И вот я напоминаю вам тему, очень важную для Пруста и вообще для европейской культуры, тему отличия чего-то живого (мы условно назовем это «живым») от его имитаций или дублей. И это «что-то живое» живет по одним законам, а имитации или дубли живут по другим законам. И вся проблема пути, как ее понимает и ощущает Пруст, состоит в том, что и как на этом пути может быть спасено, воскрешено или искуплено. Искуплено – потому что раз все летуче, то человеческий удел – быть в грехе, иллюзии и в ошибках, которые (и это очень важно) являются неотъемлемыми признаками или свойствами истины.
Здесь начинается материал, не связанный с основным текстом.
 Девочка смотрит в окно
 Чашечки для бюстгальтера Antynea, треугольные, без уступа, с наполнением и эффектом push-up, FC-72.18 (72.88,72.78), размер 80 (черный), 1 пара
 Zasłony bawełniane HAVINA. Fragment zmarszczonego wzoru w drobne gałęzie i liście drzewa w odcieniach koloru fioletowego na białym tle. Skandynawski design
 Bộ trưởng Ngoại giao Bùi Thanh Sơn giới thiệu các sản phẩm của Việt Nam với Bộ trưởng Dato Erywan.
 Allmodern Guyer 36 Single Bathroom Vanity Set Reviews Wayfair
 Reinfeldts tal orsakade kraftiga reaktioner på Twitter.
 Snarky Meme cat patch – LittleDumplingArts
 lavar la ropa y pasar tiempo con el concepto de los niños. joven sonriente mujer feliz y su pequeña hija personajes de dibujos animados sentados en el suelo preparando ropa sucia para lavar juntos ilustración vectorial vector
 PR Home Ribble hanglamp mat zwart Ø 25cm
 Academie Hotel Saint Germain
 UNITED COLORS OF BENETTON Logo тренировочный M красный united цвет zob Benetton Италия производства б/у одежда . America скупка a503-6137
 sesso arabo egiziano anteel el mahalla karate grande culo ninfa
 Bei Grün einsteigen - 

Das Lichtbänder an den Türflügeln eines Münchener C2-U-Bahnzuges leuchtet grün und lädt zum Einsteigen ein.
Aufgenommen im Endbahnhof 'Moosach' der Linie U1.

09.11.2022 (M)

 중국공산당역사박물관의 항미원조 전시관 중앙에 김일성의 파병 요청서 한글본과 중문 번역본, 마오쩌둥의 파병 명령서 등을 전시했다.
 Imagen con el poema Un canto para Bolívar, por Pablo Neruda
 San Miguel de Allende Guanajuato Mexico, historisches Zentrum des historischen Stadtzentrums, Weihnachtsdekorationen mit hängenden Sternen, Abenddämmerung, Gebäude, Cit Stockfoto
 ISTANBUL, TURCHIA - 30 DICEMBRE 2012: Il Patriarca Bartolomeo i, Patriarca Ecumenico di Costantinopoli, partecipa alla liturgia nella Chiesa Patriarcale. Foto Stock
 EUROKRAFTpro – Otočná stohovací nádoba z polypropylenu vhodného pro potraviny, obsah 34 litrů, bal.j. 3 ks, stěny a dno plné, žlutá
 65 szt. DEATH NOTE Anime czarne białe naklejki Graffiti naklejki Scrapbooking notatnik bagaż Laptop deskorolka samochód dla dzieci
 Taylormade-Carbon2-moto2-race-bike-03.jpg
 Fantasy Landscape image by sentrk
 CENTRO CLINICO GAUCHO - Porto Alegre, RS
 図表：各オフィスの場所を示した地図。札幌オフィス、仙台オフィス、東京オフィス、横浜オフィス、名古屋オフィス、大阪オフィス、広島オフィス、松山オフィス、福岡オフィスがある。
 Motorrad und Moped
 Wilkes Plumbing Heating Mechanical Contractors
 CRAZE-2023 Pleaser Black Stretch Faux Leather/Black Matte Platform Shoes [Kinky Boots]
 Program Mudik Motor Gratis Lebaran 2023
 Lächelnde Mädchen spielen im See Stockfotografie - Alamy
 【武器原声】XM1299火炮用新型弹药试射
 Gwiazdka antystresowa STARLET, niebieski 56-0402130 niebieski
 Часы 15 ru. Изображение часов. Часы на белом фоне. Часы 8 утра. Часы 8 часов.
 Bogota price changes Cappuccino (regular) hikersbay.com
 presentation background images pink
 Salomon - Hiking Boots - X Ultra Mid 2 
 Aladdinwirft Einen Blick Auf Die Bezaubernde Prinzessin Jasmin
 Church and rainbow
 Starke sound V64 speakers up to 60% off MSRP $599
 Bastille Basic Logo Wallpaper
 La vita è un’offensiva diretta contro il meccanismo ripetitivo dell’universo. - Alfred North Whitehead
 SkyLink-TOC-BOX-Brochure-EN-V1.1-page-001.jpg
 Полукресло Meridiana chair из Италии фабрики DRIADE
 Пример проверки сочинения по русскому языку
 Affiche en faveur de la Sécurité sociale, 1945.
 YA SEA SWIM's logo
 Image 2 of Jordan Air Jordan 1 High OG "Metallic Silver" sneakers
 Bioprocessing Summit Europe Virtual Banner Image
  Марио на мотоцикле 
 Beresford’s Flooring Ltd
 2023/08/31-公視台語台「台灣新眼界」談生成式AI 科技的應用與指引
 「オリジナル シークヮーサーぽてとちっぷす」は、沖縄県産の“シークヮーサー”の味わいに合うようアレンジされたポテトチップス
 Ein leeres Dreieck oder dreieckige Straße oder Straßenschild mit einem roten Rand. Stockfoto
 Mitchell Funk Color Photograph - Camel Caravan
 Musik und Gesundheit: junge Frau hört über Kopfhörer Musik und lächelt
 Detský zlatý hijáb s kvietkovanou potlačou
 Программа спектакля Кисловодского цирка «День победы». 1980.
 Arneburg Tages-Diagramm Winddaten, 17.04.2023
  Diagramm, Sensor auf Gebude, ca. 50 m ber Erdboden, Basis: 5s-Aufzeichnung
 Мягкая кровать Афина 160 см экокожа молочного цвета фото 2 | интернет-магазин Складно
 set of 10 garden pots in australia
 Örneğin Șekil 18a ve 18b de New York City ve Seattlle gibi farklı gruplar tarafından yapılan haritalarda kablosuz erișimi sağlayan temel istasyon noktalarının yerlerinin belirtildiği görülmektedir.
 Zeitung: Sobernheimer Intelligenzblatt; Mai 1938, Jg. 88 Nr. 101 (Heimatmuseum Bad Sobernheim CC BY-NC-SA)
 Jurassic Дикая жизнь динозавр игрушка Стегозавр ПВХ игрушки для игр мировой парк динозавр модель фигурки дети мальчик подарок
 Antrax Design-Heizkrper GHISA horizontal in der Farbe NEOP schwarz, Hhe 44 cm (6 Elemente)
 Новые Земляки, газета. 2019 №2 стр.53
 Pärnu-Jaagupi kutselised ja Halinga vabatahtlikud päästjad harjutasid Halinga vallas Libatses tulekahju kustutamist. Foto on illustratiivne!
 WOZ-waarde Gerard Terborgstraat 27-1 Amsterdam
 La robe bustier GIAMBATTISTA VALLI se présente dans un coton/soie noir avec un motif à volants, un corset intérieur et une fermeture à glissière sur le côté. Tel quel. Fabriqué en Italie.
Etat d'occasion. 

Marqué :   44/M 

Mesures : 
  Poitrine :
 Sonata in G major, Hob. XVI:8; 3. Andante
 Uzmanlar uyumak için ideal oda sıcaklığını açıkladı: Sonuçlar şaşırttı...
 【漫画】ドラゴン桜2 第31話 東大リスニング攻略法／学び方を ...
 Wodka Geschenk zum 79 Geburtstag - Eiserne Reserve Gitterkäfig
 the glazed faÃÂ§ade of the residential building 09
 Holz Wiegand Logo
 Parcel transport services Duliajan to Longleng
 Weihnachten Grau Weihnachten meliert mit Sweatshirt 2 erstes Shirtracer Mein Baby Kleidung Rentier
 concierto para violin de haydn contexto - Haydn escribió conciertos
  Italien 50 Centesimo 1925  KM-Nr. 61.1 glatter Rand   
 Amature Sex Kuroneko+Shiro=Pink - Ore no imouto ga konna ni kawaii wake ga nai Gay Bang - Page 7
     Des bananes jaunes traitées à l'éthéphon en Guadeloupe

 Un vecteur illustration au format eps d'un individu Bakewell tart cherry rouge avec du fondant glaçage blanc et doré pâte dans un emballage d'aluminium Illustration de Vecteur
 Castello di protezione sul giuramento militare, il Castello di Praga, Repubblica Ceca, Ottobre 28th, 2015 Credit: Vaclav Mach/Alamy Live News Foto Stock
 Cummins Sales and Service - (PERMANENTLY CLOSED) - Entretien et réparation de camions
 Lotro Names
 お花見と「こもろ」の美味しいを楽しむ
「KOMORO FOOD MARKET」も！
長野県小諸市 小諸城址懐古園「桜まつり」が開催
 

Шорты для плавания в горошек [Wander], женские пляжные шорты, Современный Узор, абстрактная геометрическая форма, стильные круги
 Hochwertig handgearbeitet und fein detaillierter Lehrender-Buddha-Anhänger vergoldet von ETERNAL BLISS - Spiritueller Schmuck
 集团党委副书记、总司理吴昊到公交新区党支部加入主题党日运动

Не в том смысле, что истина их в себе содержит, а в том смысле, что мы не можем иметь истины как таковой, – нет «царского пути» к истине [469] . И ставится вопрос о том, с чем из реального дерзновенного опыта, где заранее ничего не известно, где нельзя руководствоваться никакими правилами и нормами, и поэтому неминуемо ошибаясь, совершая грех, испытывая боль и страдания и причиняя другим боль и страдания… – с чем из этого мы можем предстать пред Страшным Судом, по гласу которого оживает и предстает на суд все то, что достойно жизни, или, как сказано в Евангелии, «все, что записано в книге живых» [470] . А мы знаем, что люди как таковые, самим фактом, что они – люди, еще не «записаны в книге живых». Есть люди, которые не жили, в том смысле, что они не делали ни добра, ни зла, и в «книге живых» скорее может оказаться человек, который делал зло, чем тот, который избегал зла путем того, что избегал вообще что-либо делать и за что-либо брать на себя ответственность и, следовательно, вину (такие «безвинные», которые ничего не делали, они просто не считаются живыми). И вот это выделение в осадок частиц живого из человеческого опыта и собирание их есть то, что я называл «путем», и, собственно, историей чего и является роман «В поисках утраченного времени». Вы, конечно, прекрасно понимаете, что роман «В поисках утраченного времени» не есть история Пруста, история какого-либо эмпирического человека, а есть история и топография, или топология пути. Пути собирания частиц живого и пути искупления.
467
См.: Fourier. Le Monde Amoureu, p. 458.
468
Ibid. P. 13, 26, 47; Michaux, Henri. L'infini turdulent. Mercure de France. Paris, 1952. P. 19, 82.
469
«Иисус сказал ему: Я есть путь и истина и жизнь; никто не приходит к Отцу, как только чрез Меня»
470
Откровение Святого Иоанна Богослова, гл. 20 (12–15).